YOUR OBJECTIVE
The listing below should be printed in full and exactly, apart from its images.

AVAILABLE DATA
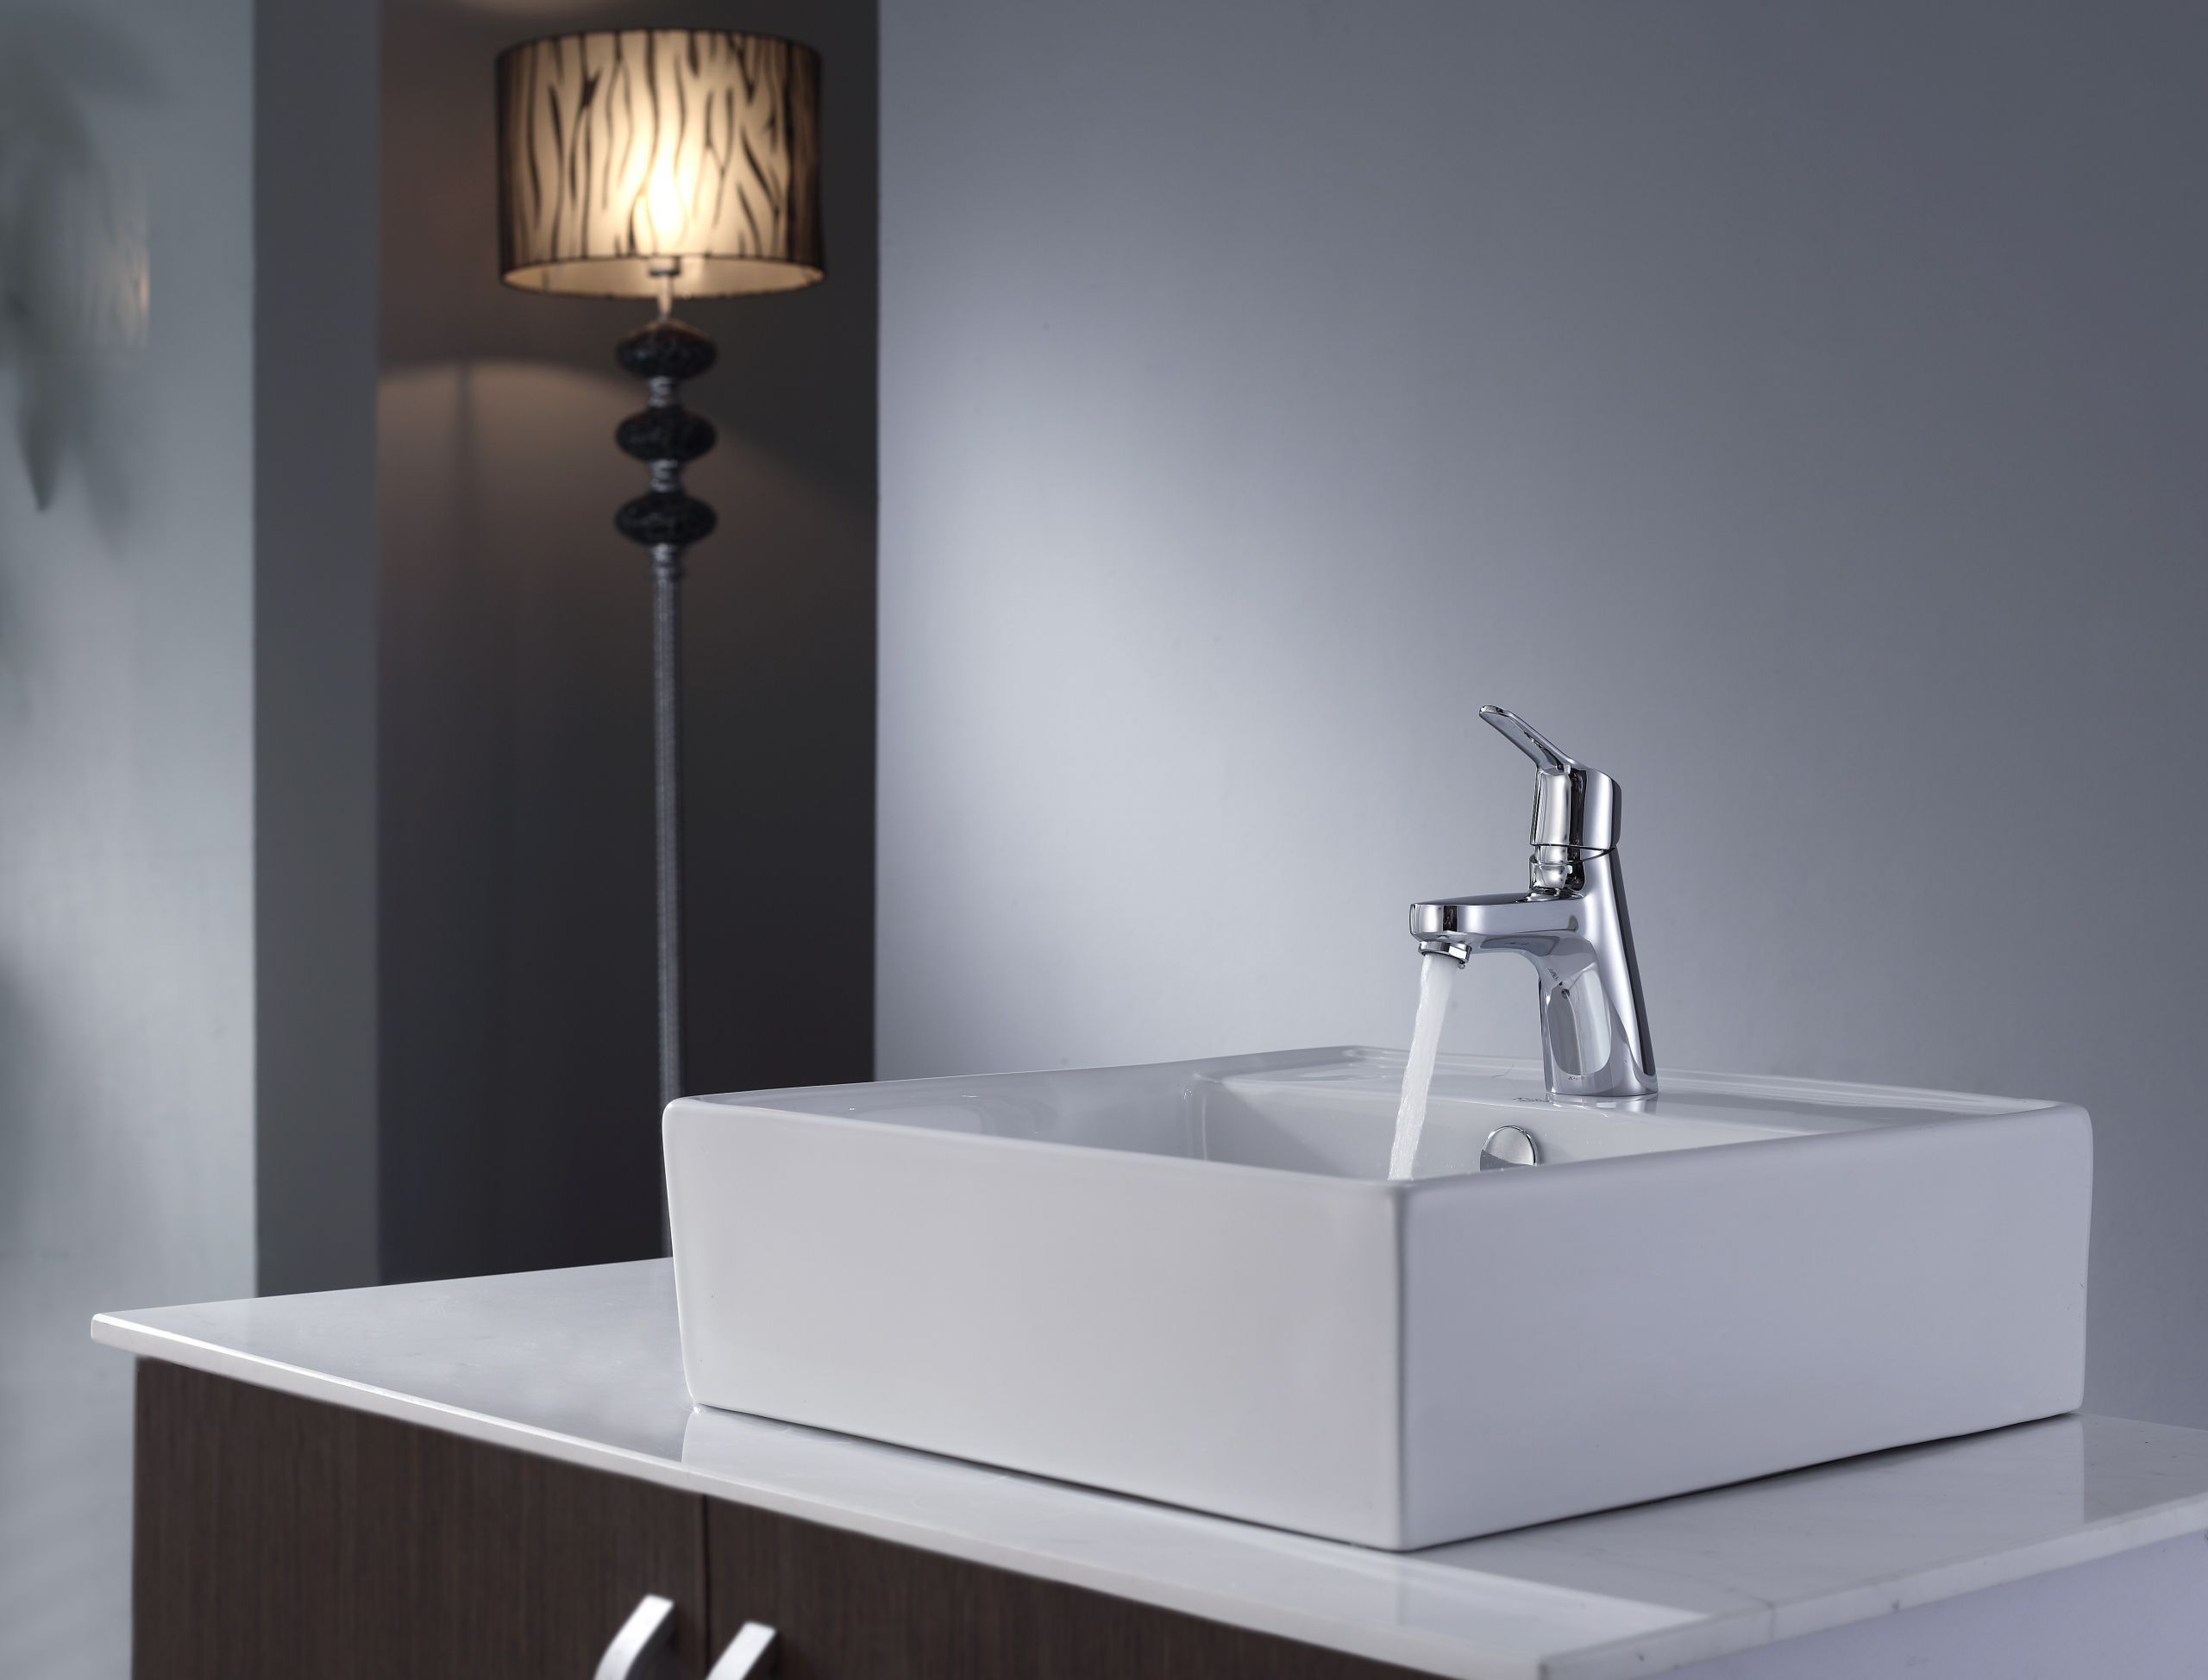 Designer Bathroom Sinks
 21 Ceramic Sink Design Ideas For Kitchen and Bathroom
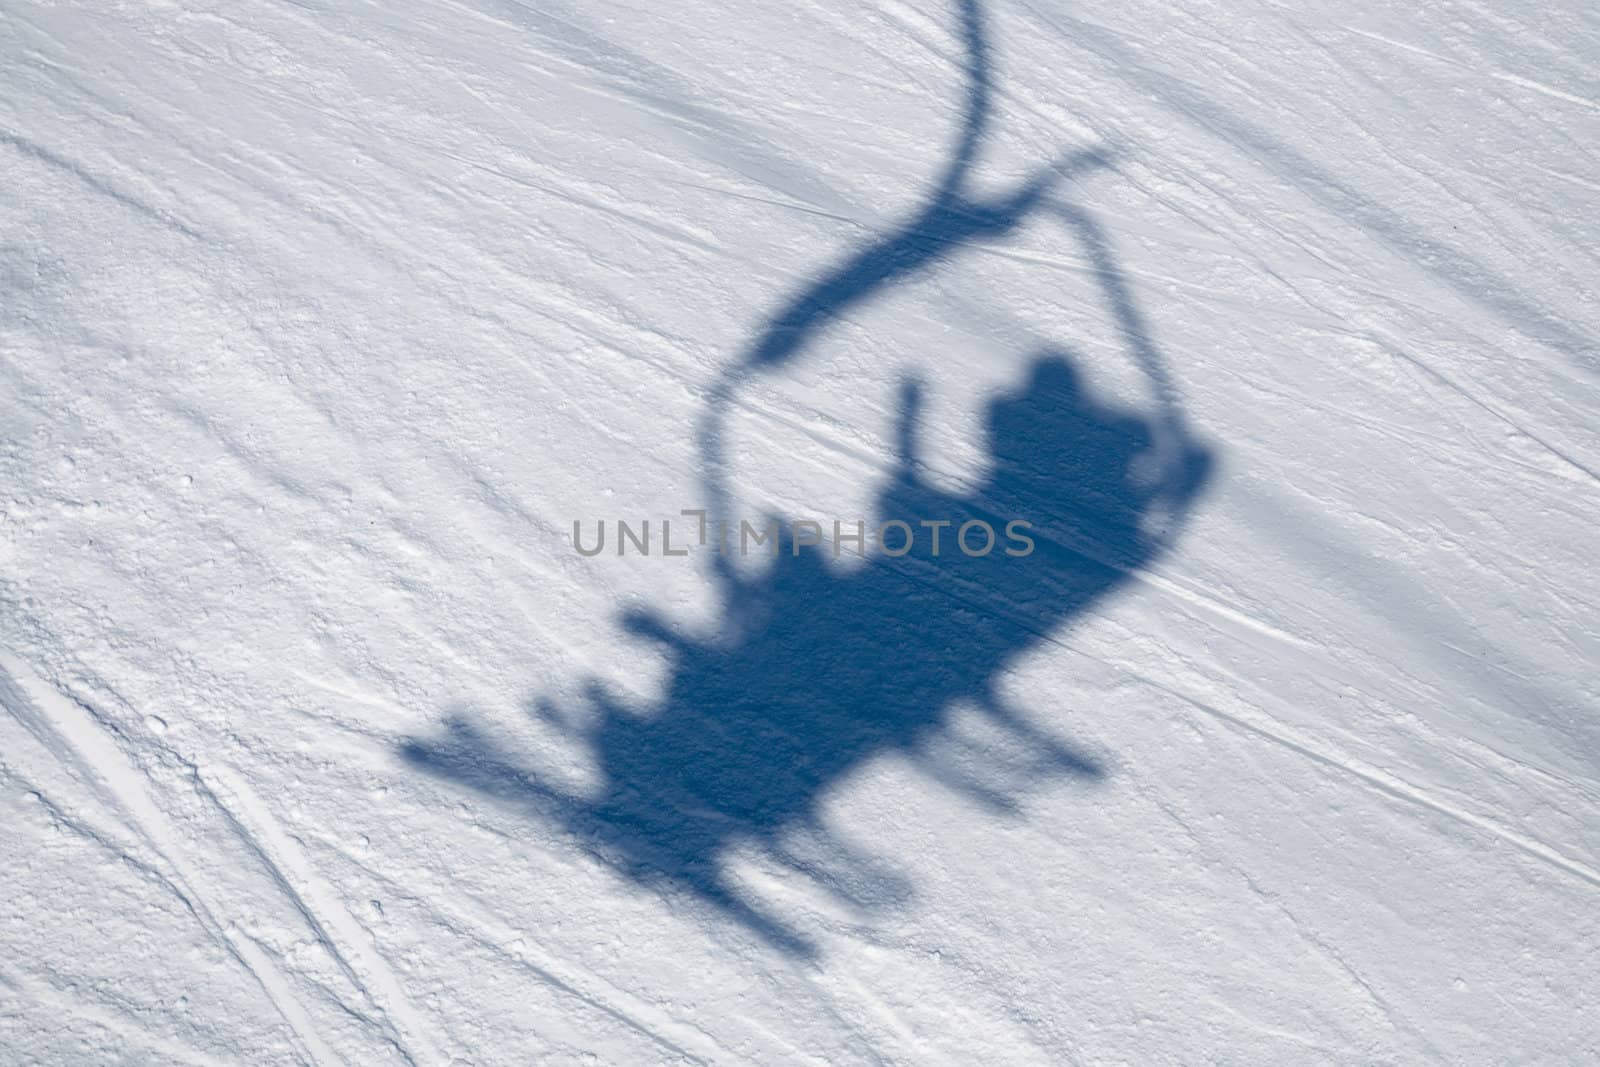 ski lift shadow on the snow
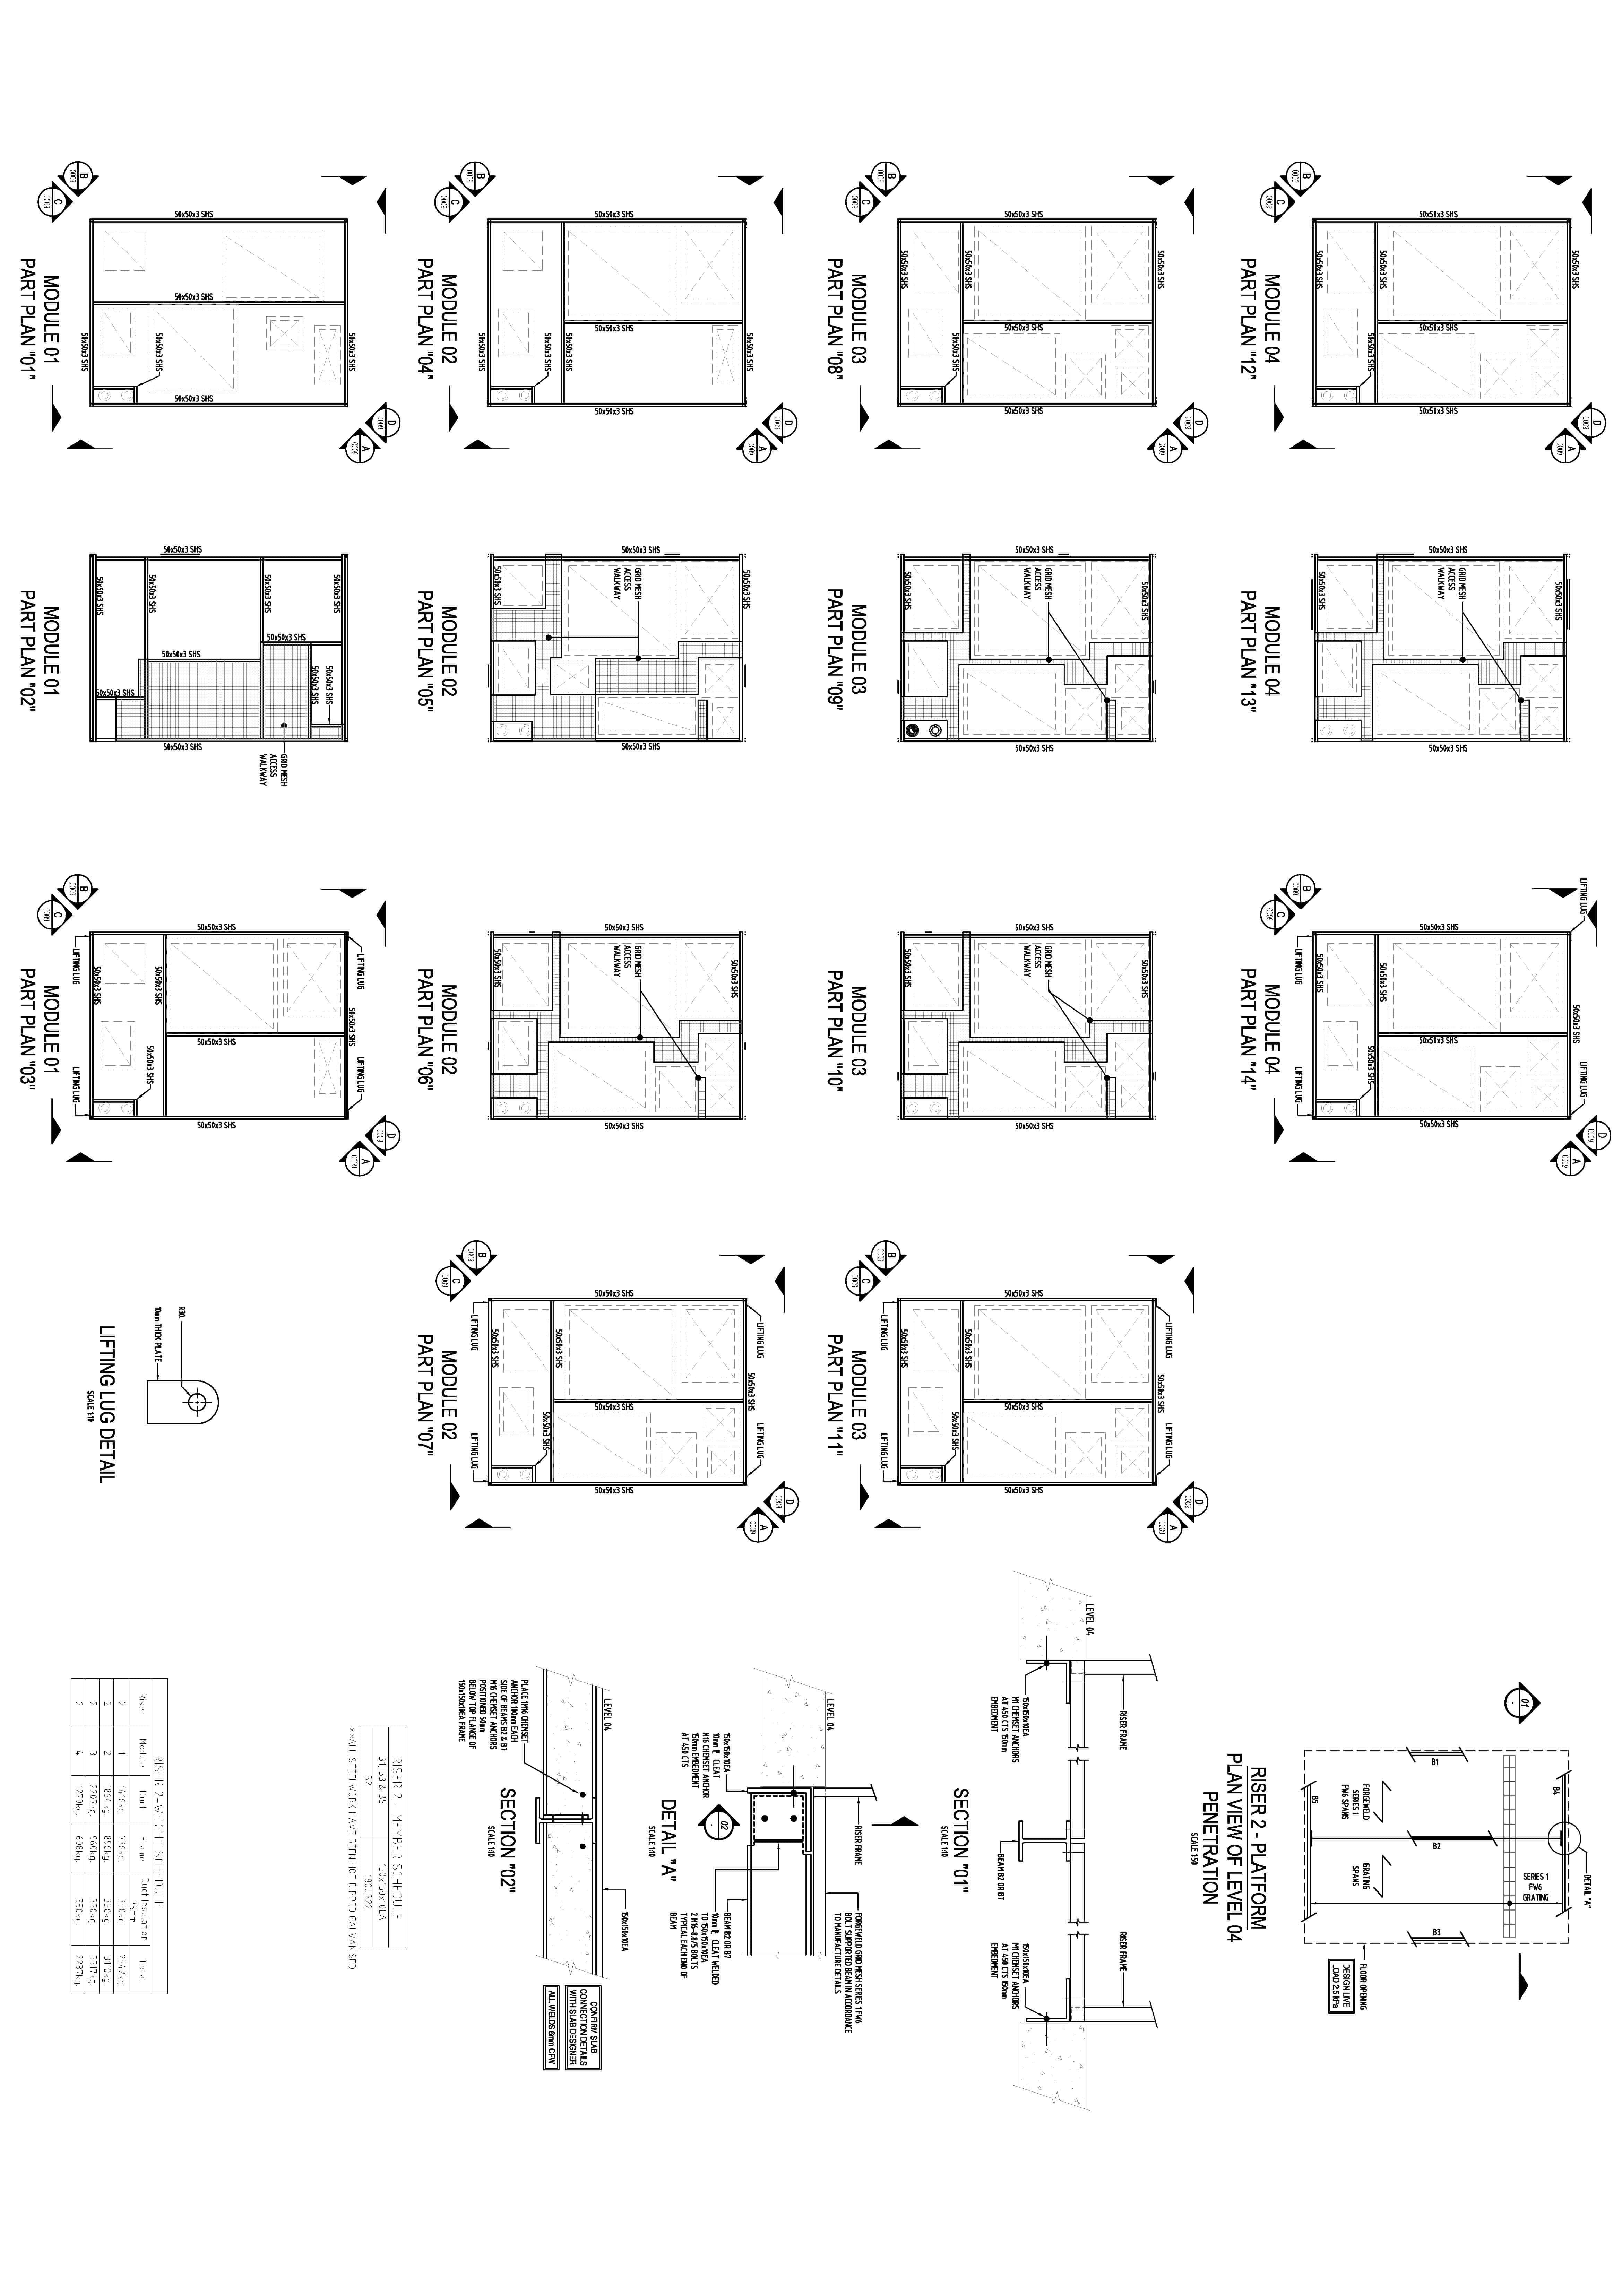 fabrication-details-workshop-drawings

TASK ANSWER
 Designer Bathroom Sinks
 21 Ceramic Sink Design Ideas For Kitchen and Bathroom
 ski lift shadow on the snow
 fabrication-details-workshop-drawings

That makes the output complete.